(Source data begins)
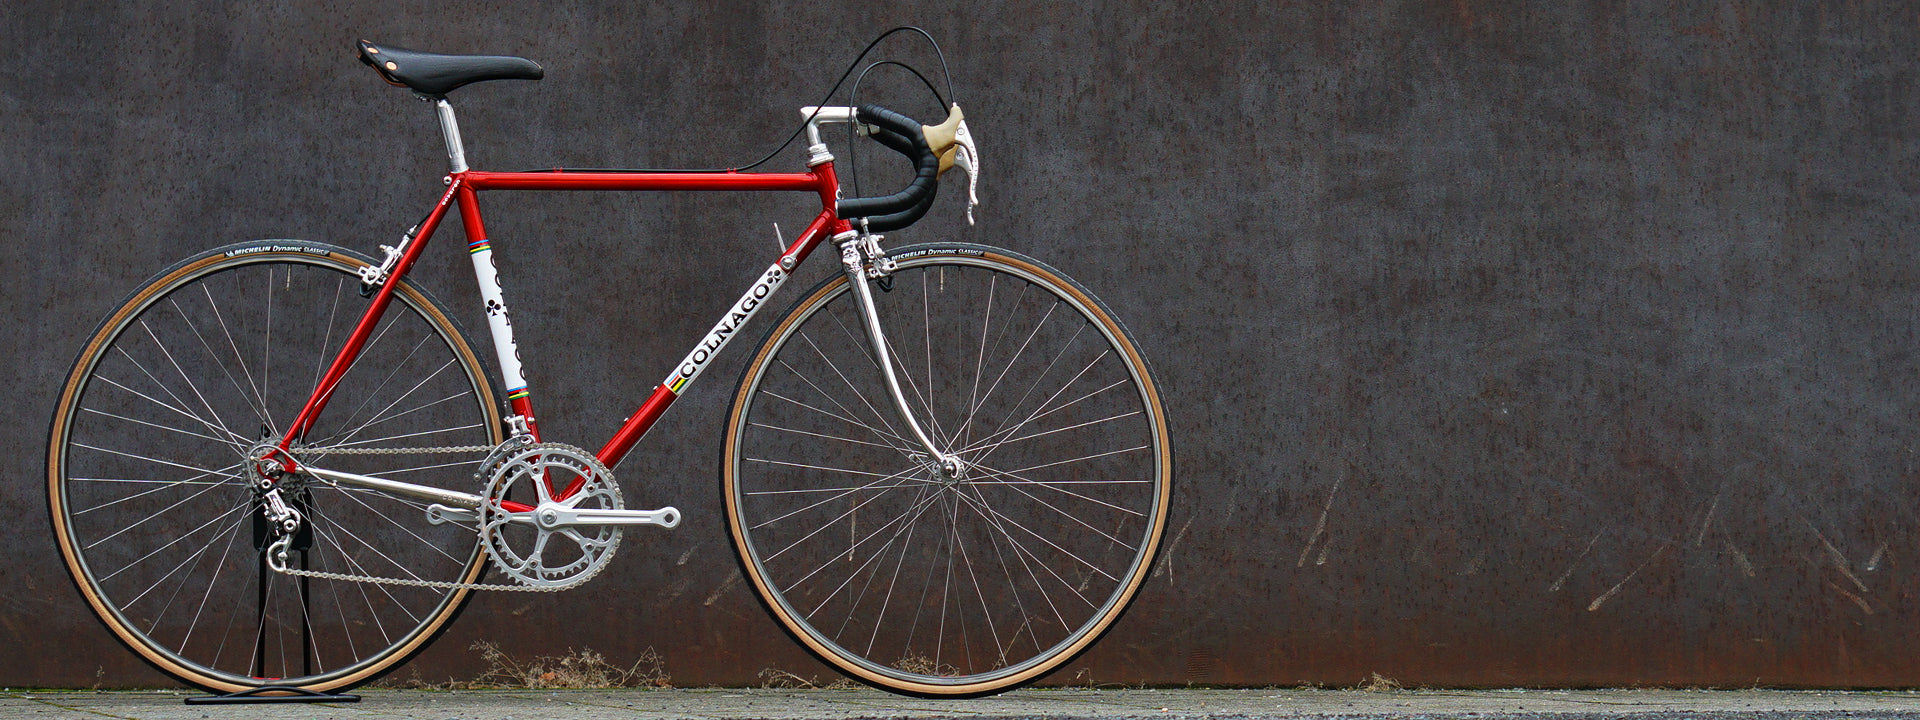 Steel Vintage Bikes  Online Shop for Vintage Bicycles, Parts & more
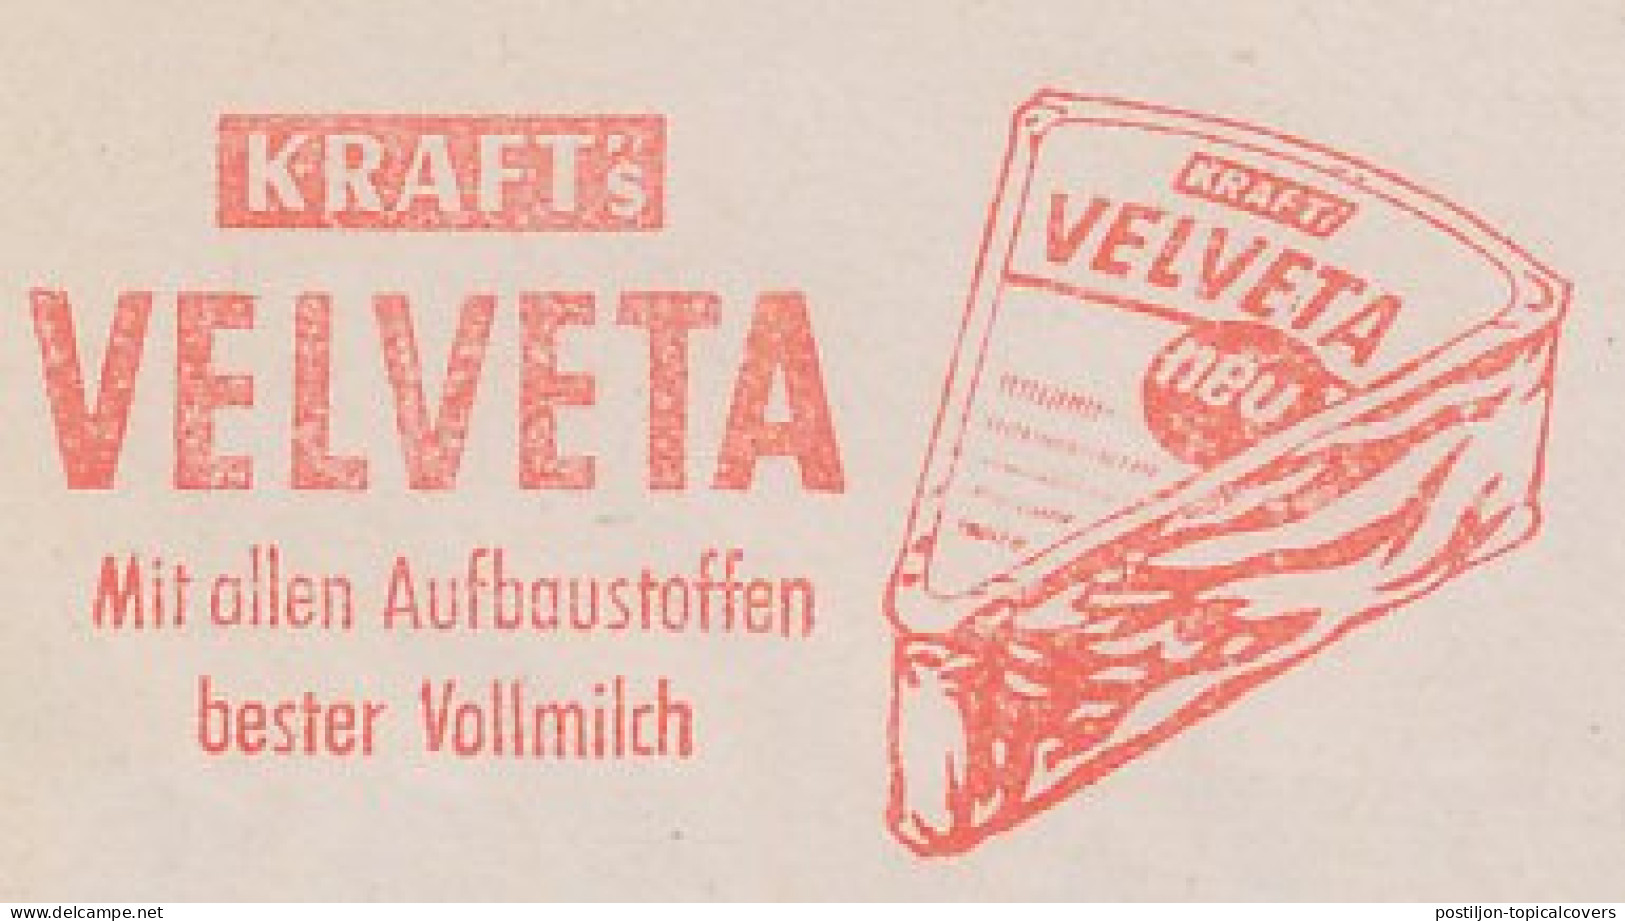 Meter Cut Germany 1962 Cheese - Velveta - Ernährung
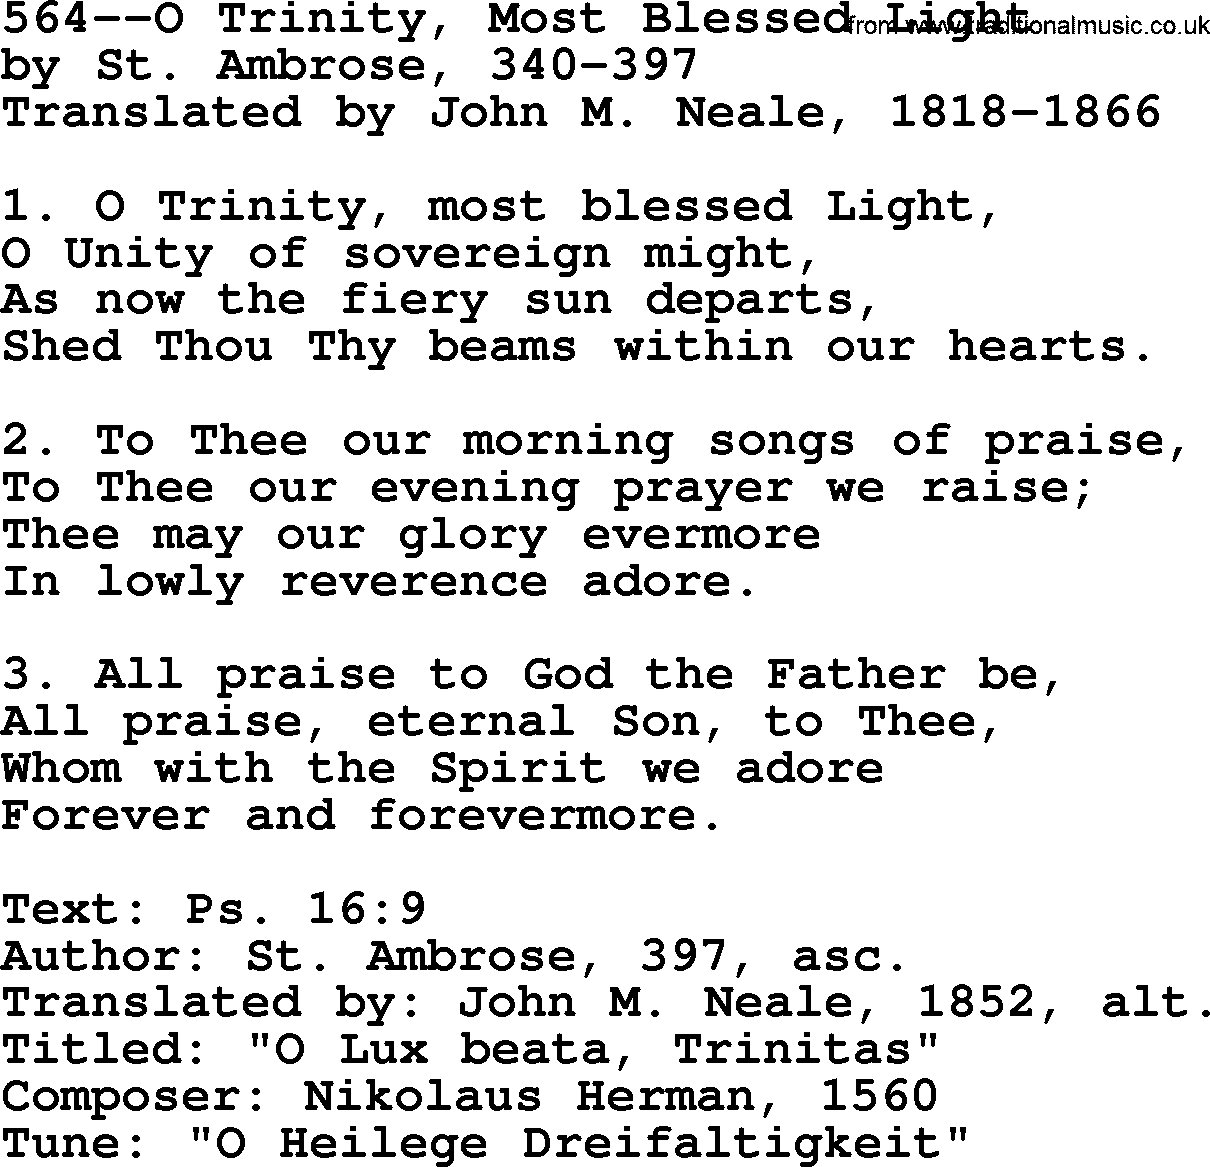 Lutheran Hymn: 564--O Trinity, Most Blessed Light.txt lyrics with PDF
(Source data ends)
**The task**
Set down the material exactly as given, but print none of the pictures.

**Result**
 Steel Vintage Bikes  Online Shop for Vintage Bicycles, Parts & more
 Meter Cut Germany 1962 Cheese - Velveta - Ernährung
 Lutheran Hymn: 564--O Trinity, Most Blessed Light.txt lyrics with PDF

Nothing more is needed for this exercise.